- Other name: Minx
- Education: Brandeis University (BA) Massachusetts Institute of Technology (PhD)
- Known for: Stem cells, spermatogenesis
- Spouse: Matthew P. Scott
- Scientific career
- Fields: Developmental biology
- Workplaces: Stanford University
- Doctoral advisor: Jonathan King

= Margaret T. Fuller =

American developmental biologist

Margaret "Minx" Tatnall Fuller is an American developmental biologist known for her research on the male germ line and defining the role of the stem cell environment (the hub cells that establish the niche of particular cells) in specifying cell fate and differentiation.

Fuller is the Reed-Hodgson Professor of Human Biology at Stanford University, and former chair of the Stanford Department of Developmental Biology.

==Biography==
Fuller earned a B.A. in physics from Brandeis University in 1974, and a Ph.D. in microbiology from MIT in 1980, working with Jonathan King.

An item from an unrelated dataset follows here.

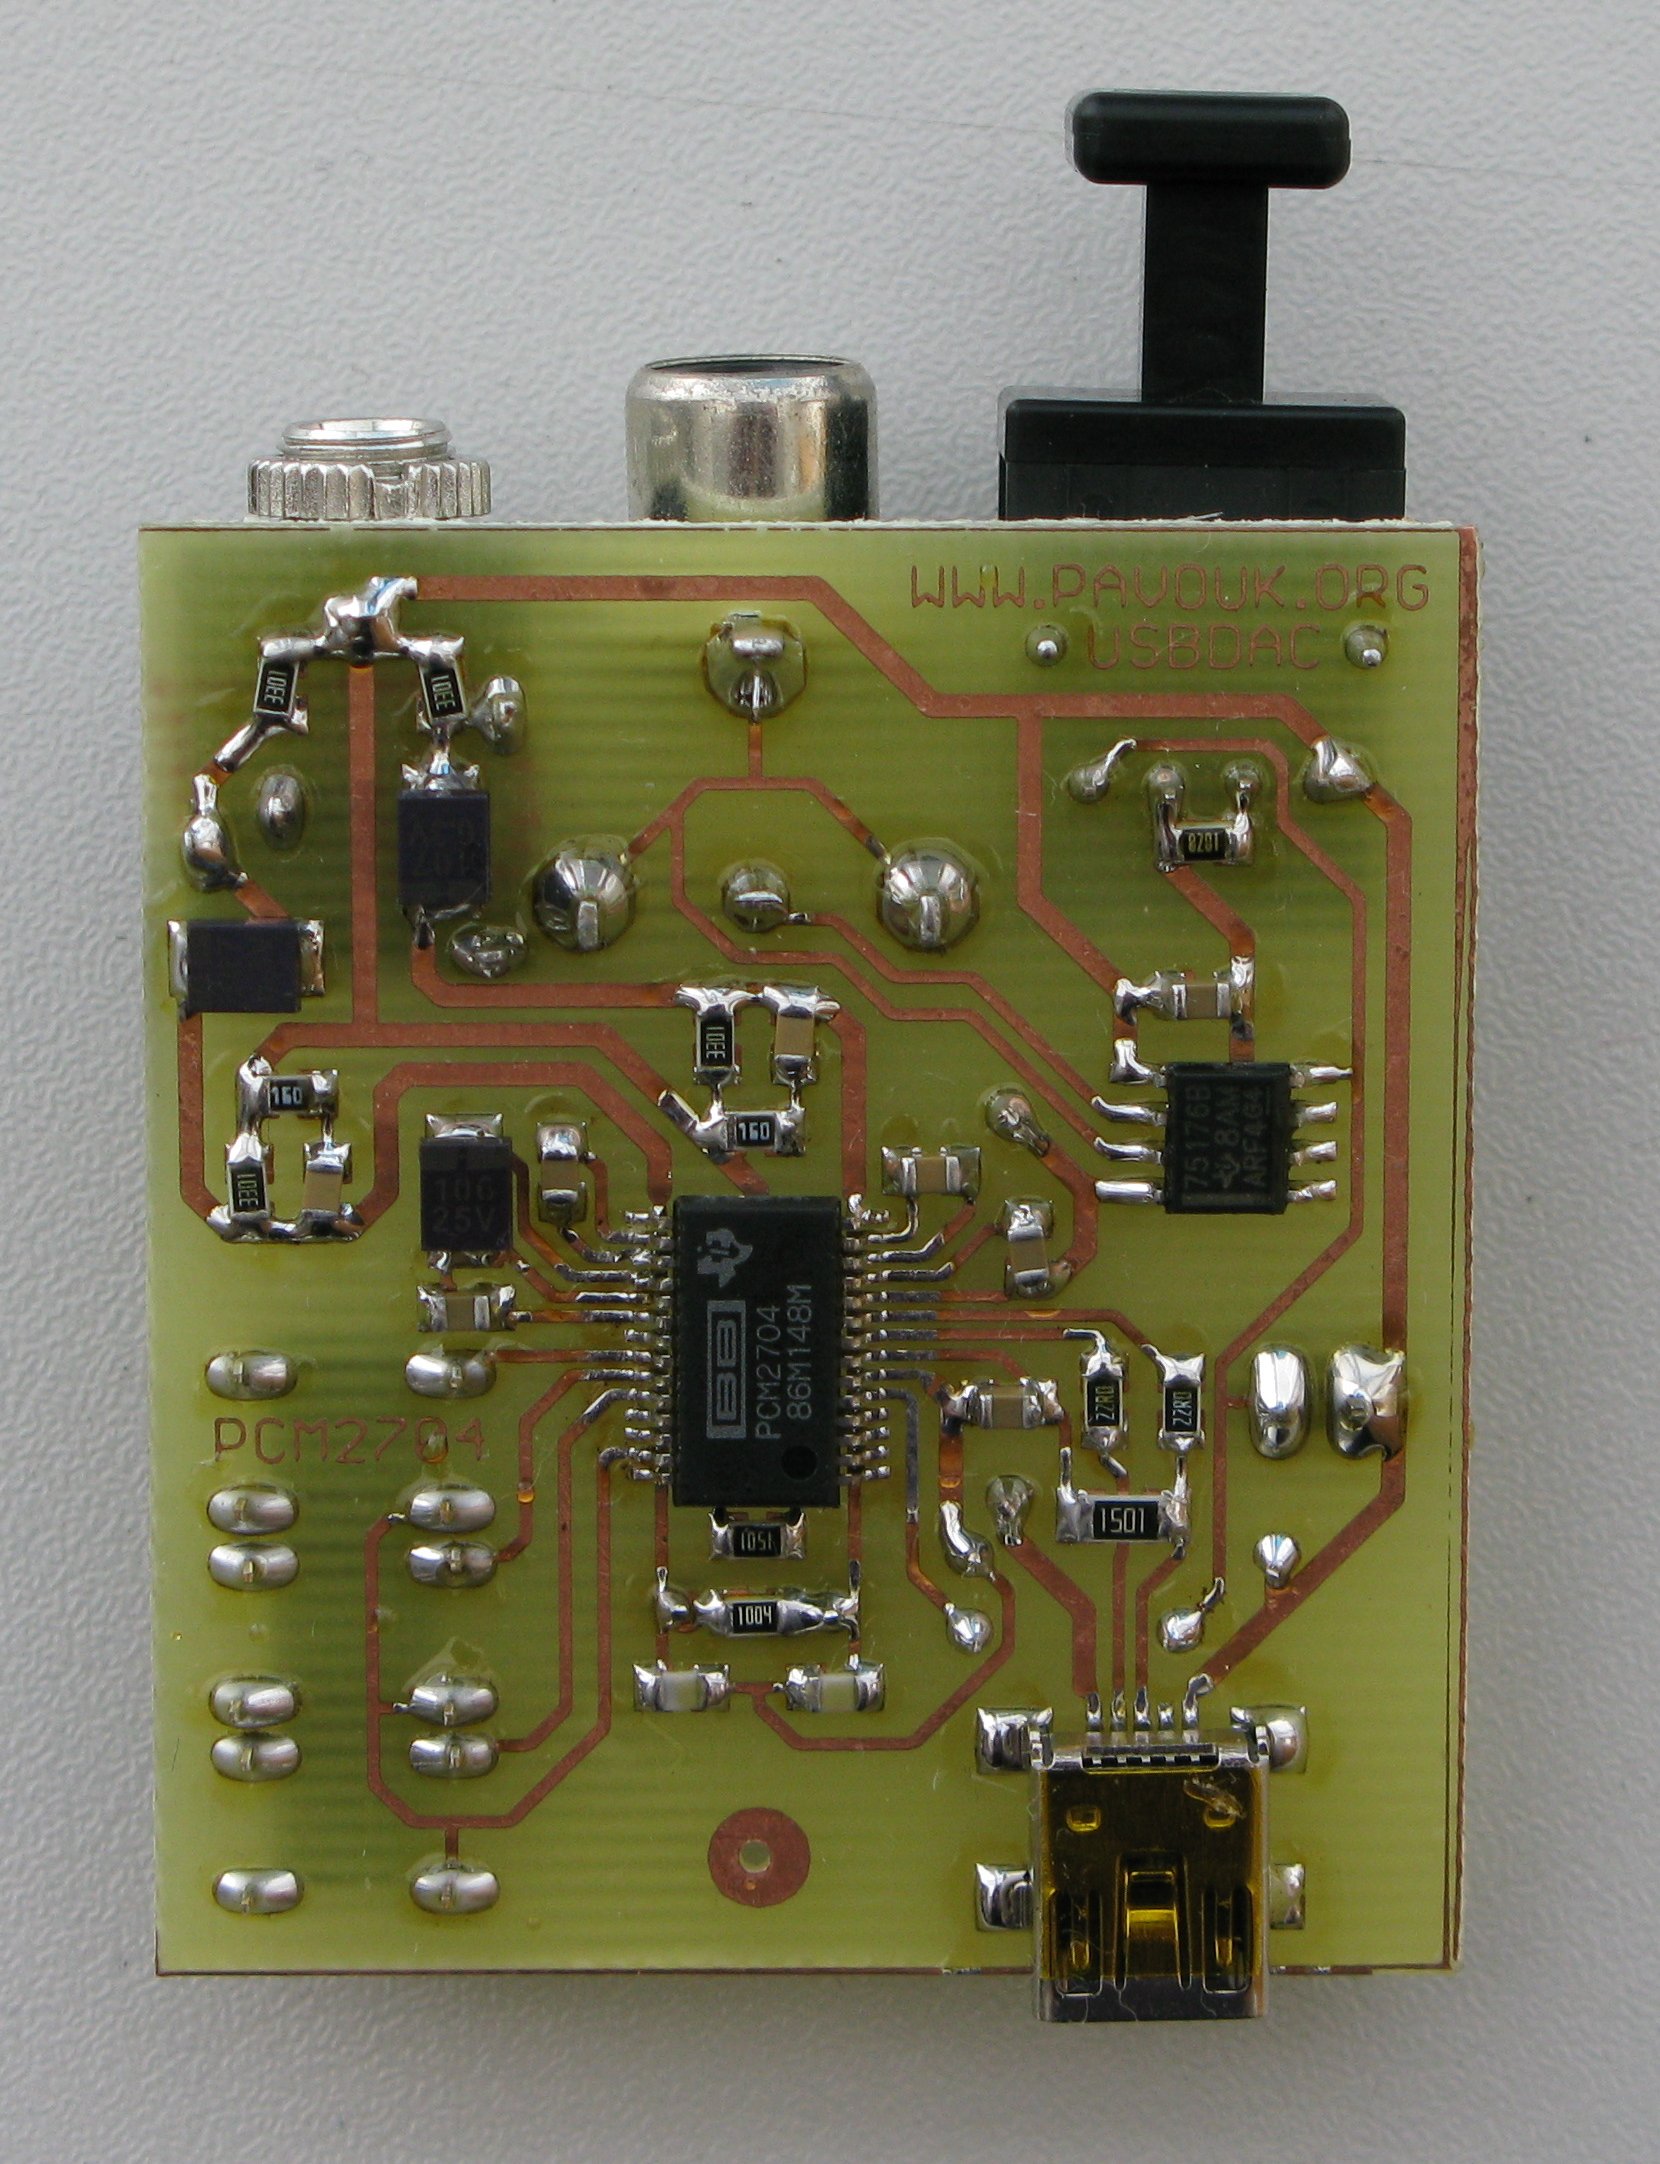 USB Audio DAC with PCM2704 
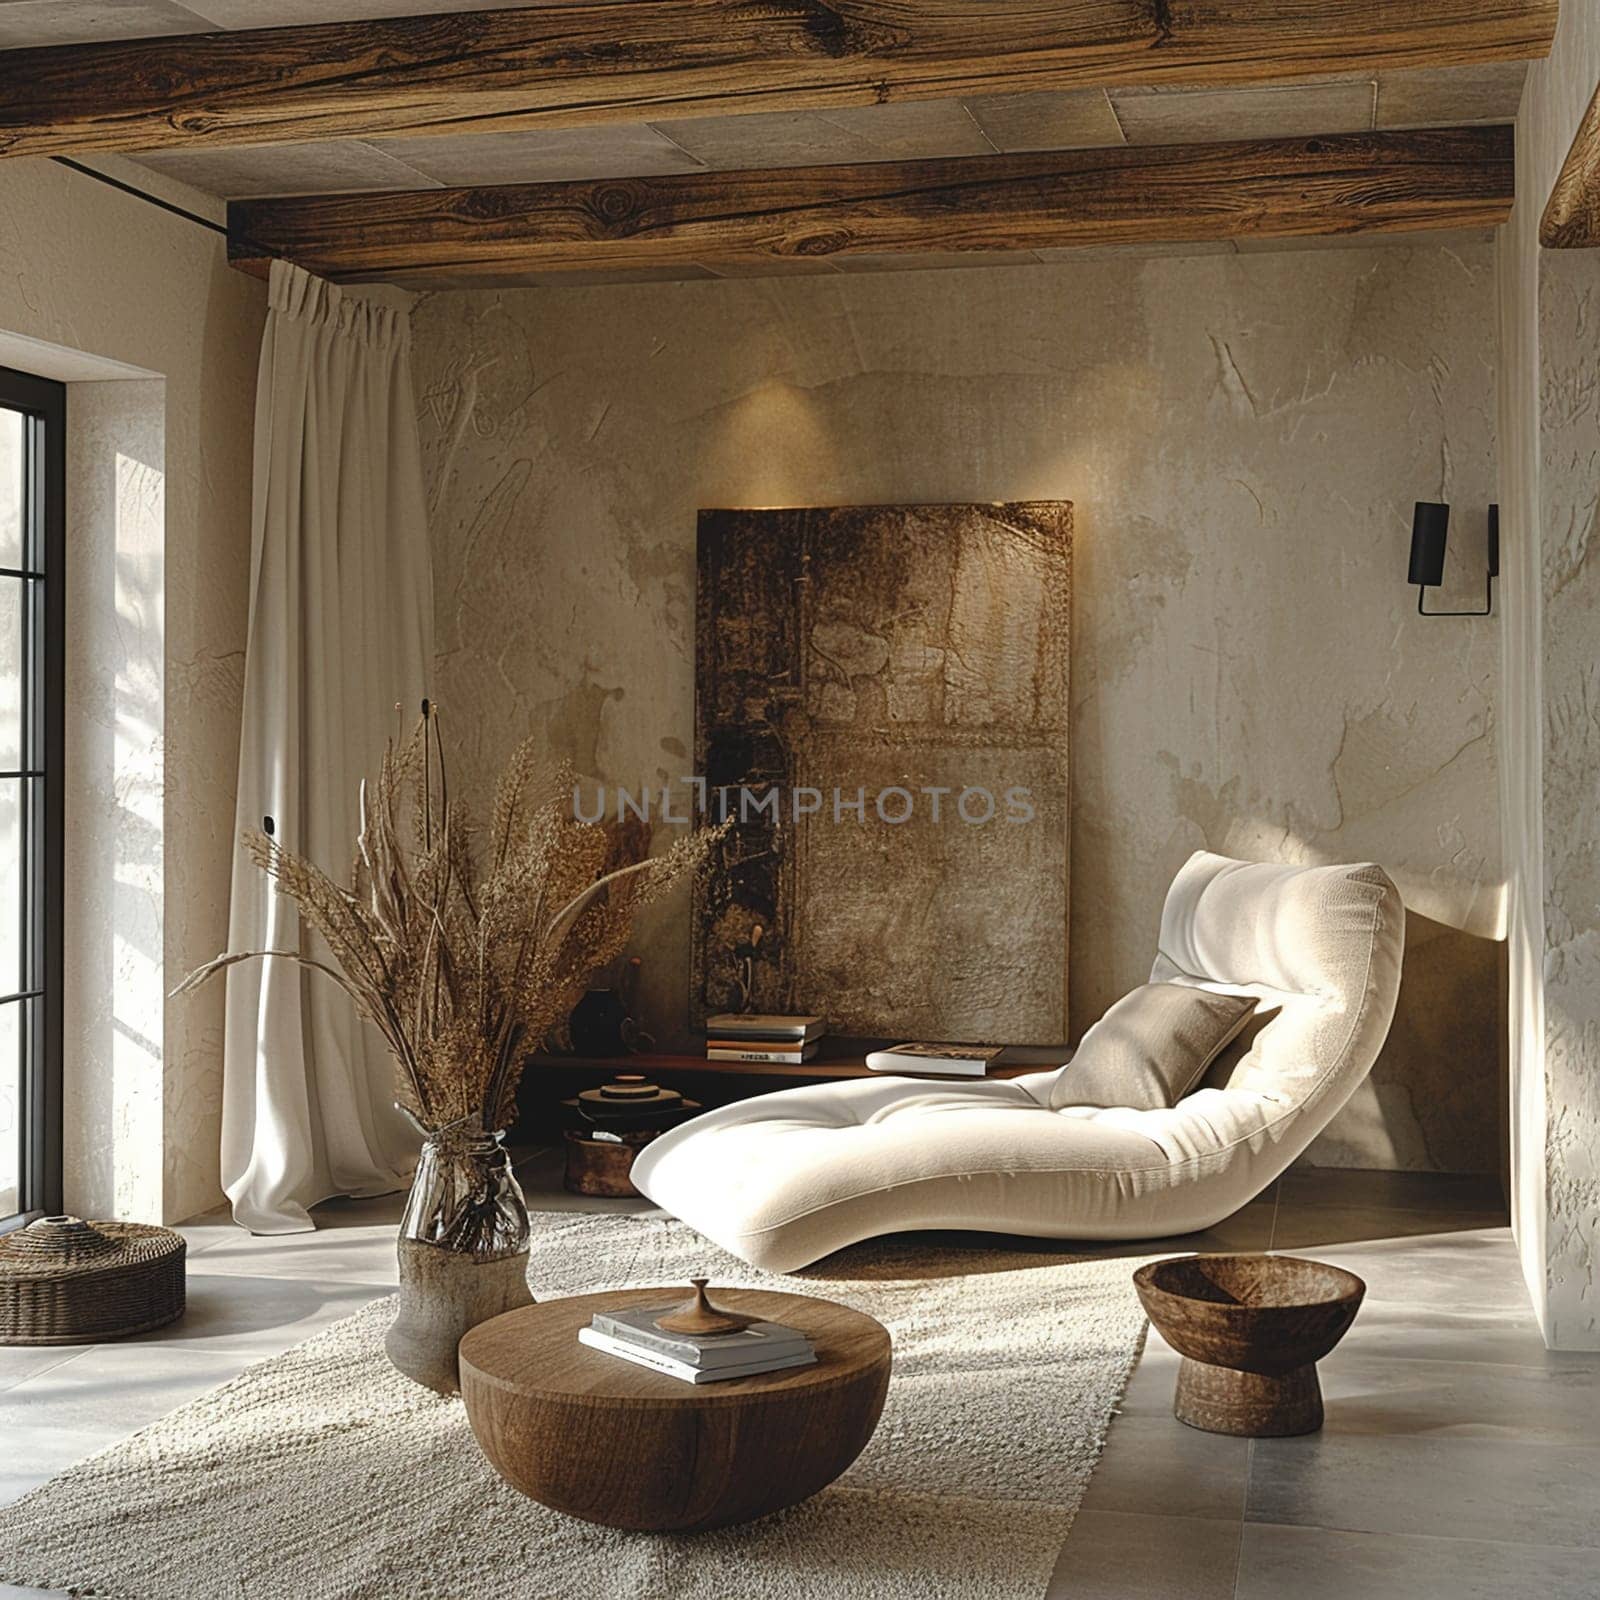 Minimalist Wooden Stand Amidst a Scandinavian Interior by Benzoix

She completed her postdoctoral work in developmental genetics at Indiana University, working with Elizabeth Raff and Thomas Kaufman, from 1980 to 1983. Fuller joined the University of Colorado faculty and then joined Stanford University in 1990, where she began working on spermatogenesis, doing genetic analysis of microtubule structure and function.

Fuller is married to fellow biologist Matthew P. Scott.

==Key papers==
- Raff, E.C. and M. T. Fuller, et al., "Regulation of tubulin gene expression during embryogenesis in Drosophila melanogaster", Cell v.28, pp. 33–40 (1982).
- Fuller, M.T. et al., "Genetic Analysis of Microtubule Structure: A b-tubulin Mutation Causes the Formation of Aberrant Microtubule in vivo and in vitro", Journal of Cell Biology, v.104, pp. 385–394 (1987).
- Fuller, M.T. and P.G. Wilson, "Force and Counter Force in the Mitotic Spindle", Cell, v.71, pp. 547–550 (1992).
- Fuller, M.T., "Riding the Polar Winds: Chromosomes Motor Down East," Cell, v.81, pp. 5–8 (1995).
- Hales, K.G., M.T. Fuller, "Developmentally Regulated Mitochondrial Fusion Mediated by a Conserved, Novel, Predicted GTPase", Cell (1997).
- G. J. Hermann, J.W. Thatcher, J.P. Mills, K.G. Hales, M.T. Fuller, "Mitochondrial Fusion in Yeast Requires the Transmembrane GTPase Fzo1p", Journal of Cell Biology (1998).
- Kiger, A., H. White-Cooper, and M.T. fuller, "Somatic support cells restrict germ line stem cell self-renewal and promote differentiation", Nature v.407, pp. 750–754 (2000).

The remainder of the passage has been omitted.